I don't understand what is the meaning of cuzzin? Mind to explain to me?
 

kylnn

Member
Hmm I think you may need to find out more details.

What is the cousin working as? Does he work near Holiday Inn? What's his character like - the havoc wild womanizing type, or just the social drinker type?

I feel that the msgs between your husband the his cousin is just typical macho guy talk. Your husband is unhappy, so the cousin was just trying to cheer him up by inviting him to join him. Before assuming the worst, you have to check first whether clubbing & going hotel means just drink & chat, or meeting girls. My hubby's colleagues do invite him sometimes to go pubs or ktv, but I know its just to relax and enjoy some male-bonding time, no hankypanky involved.

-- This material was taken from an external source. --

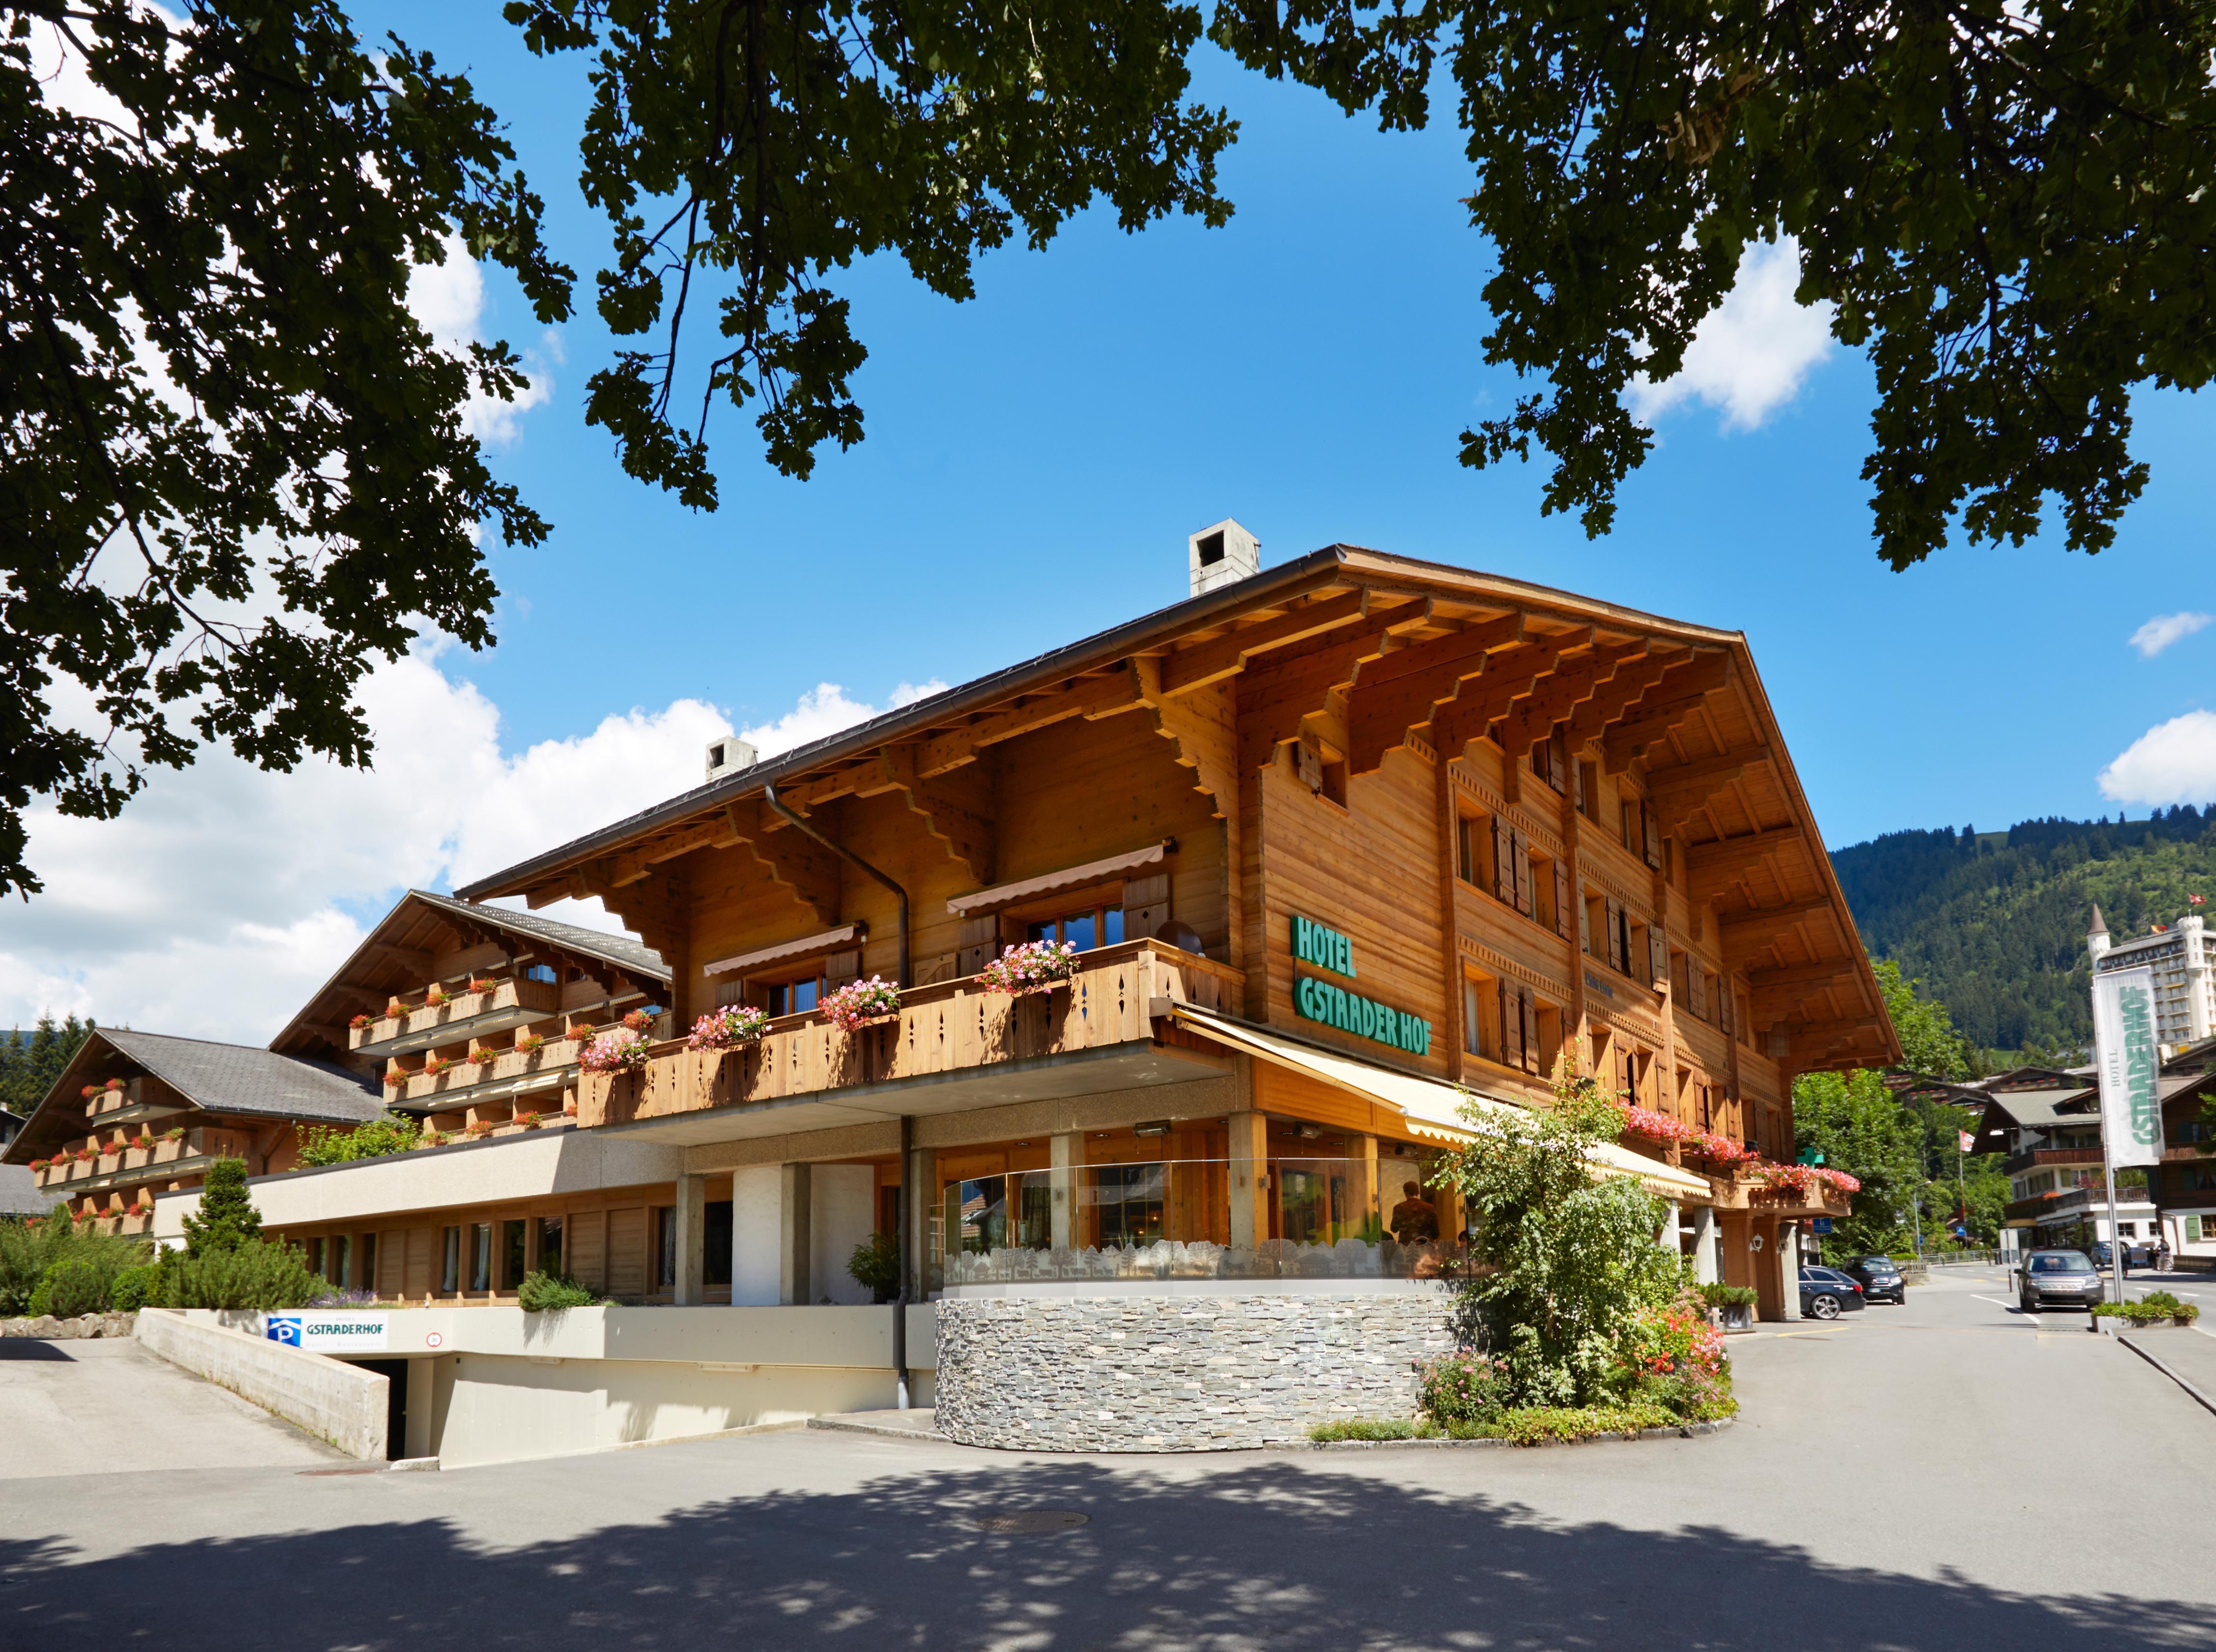 Gstaaderhof - Active & Relax Hotel Exterior photo

As for the cousin telling him to make excuses, it's probably meant in a lighthearted manner. Like when my galfriends ask me come out but I might not be able to, they might jokingly say 'aiyah, just bluff bluff ask permission to come out~". But I usually tell the truth to hubby and whine my way thru haha.

Perhaps you can let us know what's the cousin's character like, then we can better assess the situation.
 

simon73

Member
agreed with Klynn, Take it easy fifilove....sometime we guys really need a break from the tension and pressure at home.
Have a drink and fun to de-stress is alrght ...
 
Hi Fifi!

I guess the problem really lies in the communication between you and your husband. There should be no need for your husband to talk to someone else regarding your problems in your relationship. You have each other and whenever a problem arises, it should be the two of you who should solve it. Act like each other's confidant. Because after all, no one knows each other better than the two of you.I would suggest for you to have an open communication. I am hoping that there'd be a way to do so. Communication is the key to have a harmonious relationship, just like they all say.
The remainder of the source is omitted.